Article Text

Exploring the sustainability of perinatal audit in four district hospitals in the Western Cape, South Africa: a multiple case study approach
  1. Mary Kinney1,
  2. Anne-Marie Bergh2,
  3. Natasha Rhoda3,4,
  4. Robert Pattinson2,
  5. Asha George1
  1. 1School of Public Health, Faculty of Community and Health Sciences, University of the Western Cape, Bellville, South Africa
  2. 2Maternal and Infant Health Care Strategies Research Unit, Medical Research Council of South Africa, Faculty of Health Sciences, University of Pretoria, Pretoria, South Africa
  3. 3Department of Neonatology, Mowbray Maternity Hospital, Cape Town, South Africa
  4. 4Department of Paediatrics, Faculty of Health Sciences, University of Cape Town, Cape Town, South Africa
  1. Correspondence to Mary Kinney; mkinney{at}


Introduction Maternal and perinatal death surveillance and response (MPDSR) is an intervention process that uses a continuous cycle of identification, notification and review of deaths to determine avoidable causes followed by actions to improve health services and prevent future deaths. This study set out to understand how and why a perinatal audit programme, a form of MPDSR, has sustained practice in South Africa from the perspectives of those engaged in implementation.

Methods A multiple case study design was carried out in four rural subdistricts of the Western Cape with over 10 years of implementing the programme. Data were collected from October 2019 to March 2020 through non-participant observation of seven meetings and key informant interviews with 41 purposively selected health providers and managers.

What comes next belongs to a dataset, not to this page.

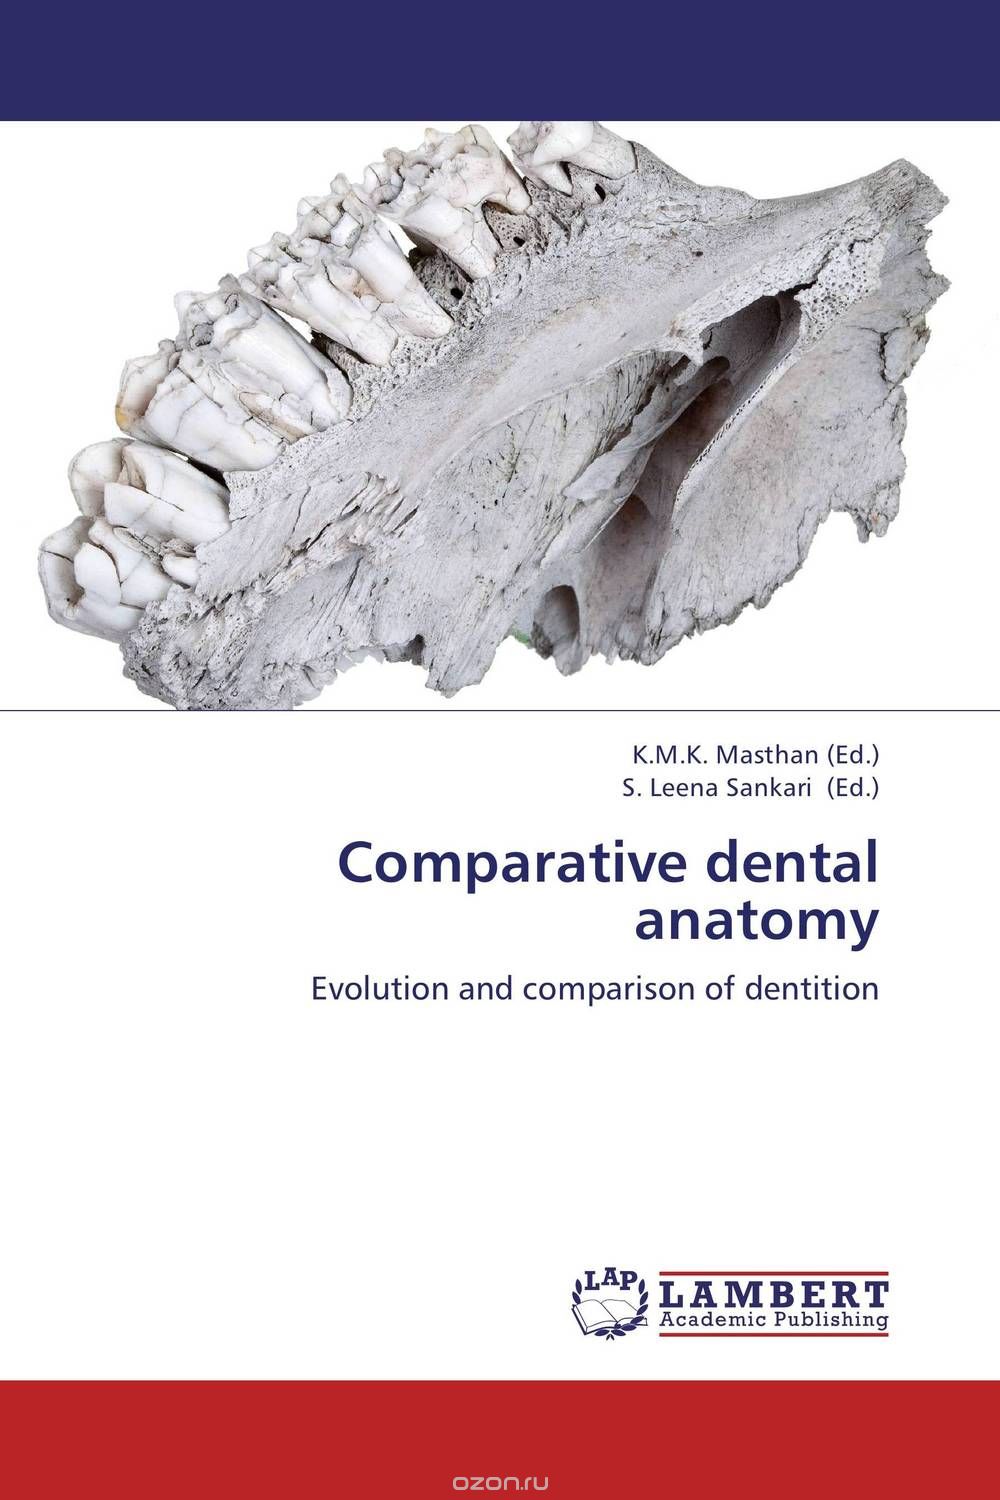 Скачать книгу "Comparative dental anatomy"

Thematic analysis was conducted inductively and deductively adapting the extended normalisation process theory to examine the capability, contribution, potential and capacity of the users to implement MPDSR.

Results The perinatal audit programme has sustained practice due to integration of activities into routine tasks (capability), clear value-add (contribution), individual and collective commitment (potential), and an enabling environment to implement (capacity). The complex interplay of actors, their relationships and context revealed the underlying individual-level and organisational-level factors that support sustainability, such as trust, credibility, facilitation and hierarchies. Local adaption and the broad social and structural resources were required for sustainability.

Conclusion This study applied theory to explore factors that promote sustained practice of perinatal audit from the perspectives of the users. Efforts to promote and sustain MPDSR will benefit from overall good health governance, specific skill development, embedded activities, and valuing social processes related to implementation. More research using health policy and system approaches, including use of implementation theory, will further advance our understanding on how to support sustained MPDSR practice in other settings.

  • Health systems
  • Maternal health
  • Obstetrics
  • Qualitative study
  • Health policies and all other topics

Data availability statement

Data are available upon reasonable request. The data (case study reports and transcripts) are available from the corresponding author on request.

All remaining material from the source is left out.